**DATASET CONTENT:**
• • • • • • •

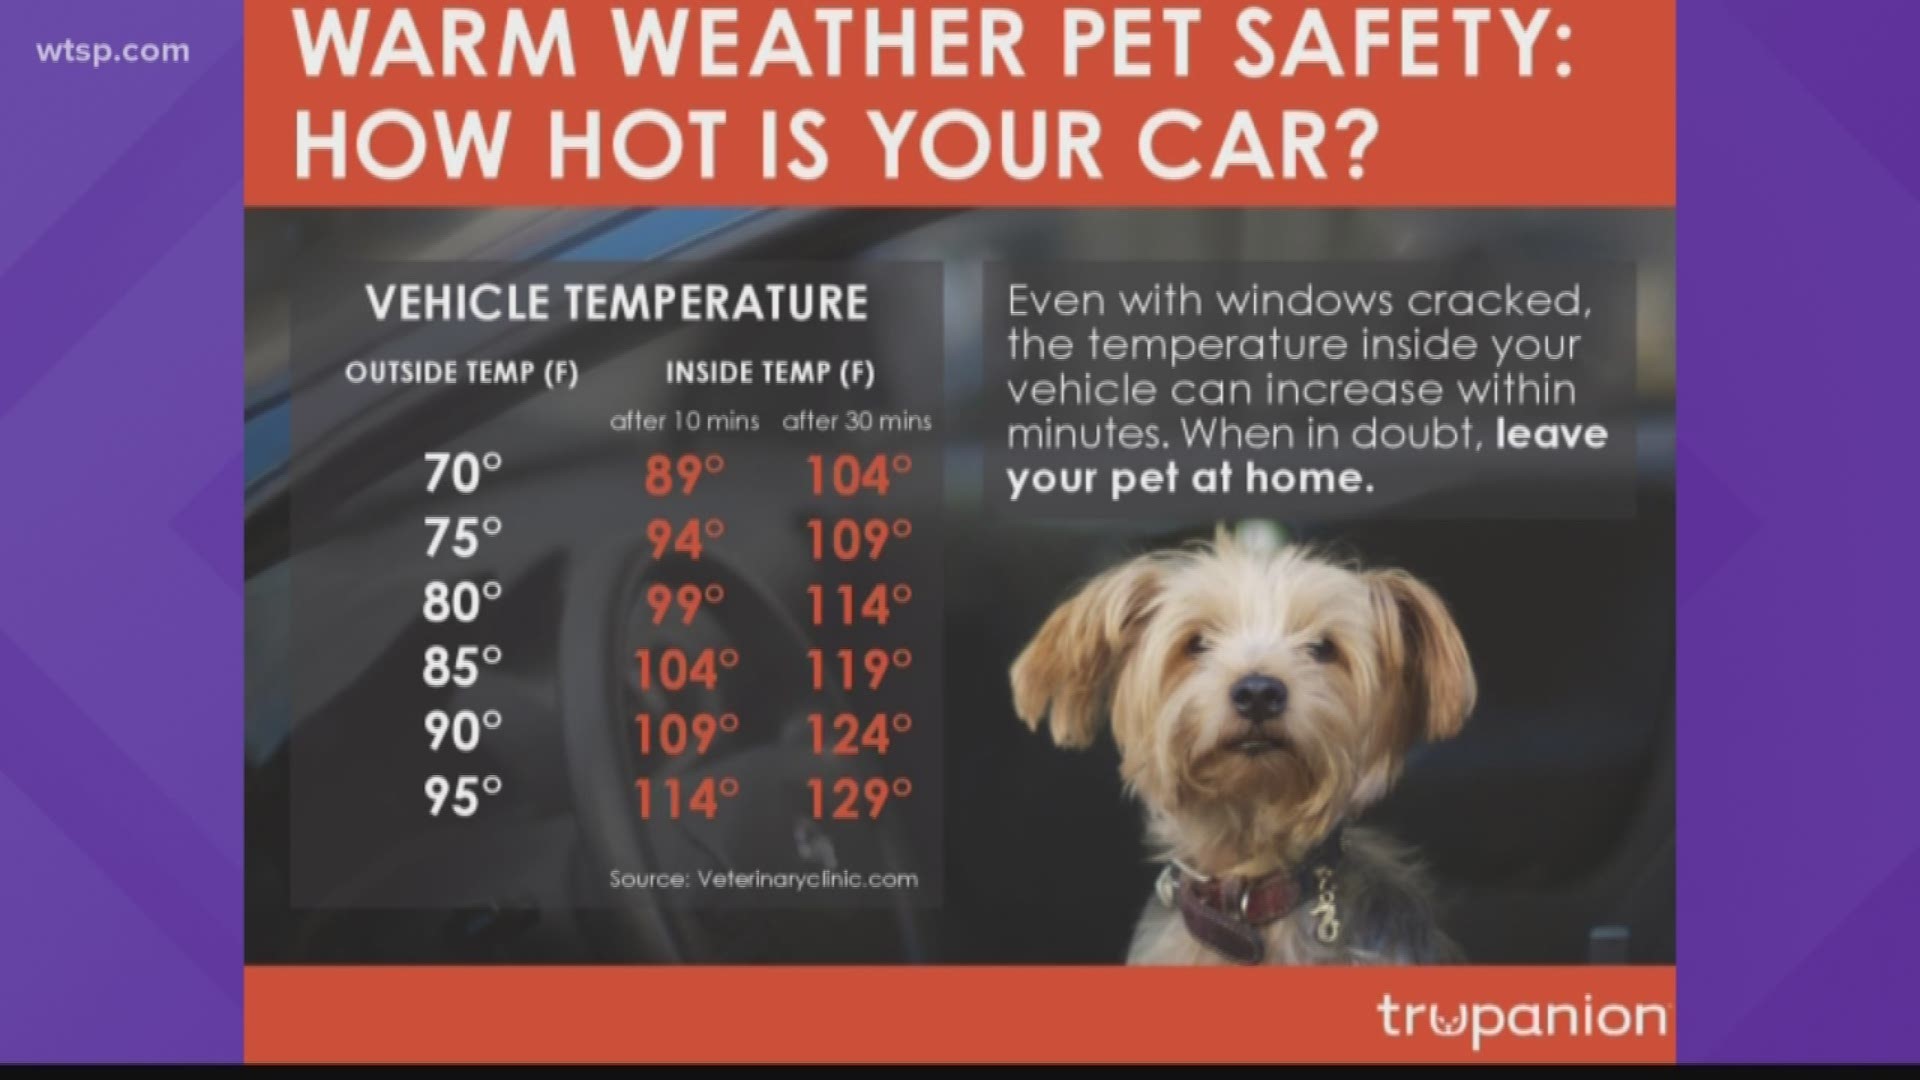 As the temperature climbs, so too does the risk of hot car deaths -- and it's perfectly legal to bust through a window help someone in a desperate situation.

While most people, hopefully, would break through a window at a moment's notice, there are certain criteria to follow to be protected from the law.

According to a 2016 Florida law, someone who enters a car, including by force, can be immune from penalty for saving a person. The law applies to rescuing an animal as well.

• • • • • • •

Reproduce exactly, with nothing added, the lines from the one that contains "While most people, hopefully, would" to the end of the data.

While most people, hopefully, would break through a window at a moment's notice, there are certain criteria to follow to be protected from the law.

According to a 2016 Florida law, someone who enters a car, including by force, can be immune from penalty for saving a person. The law applies to rescuing an animal as well.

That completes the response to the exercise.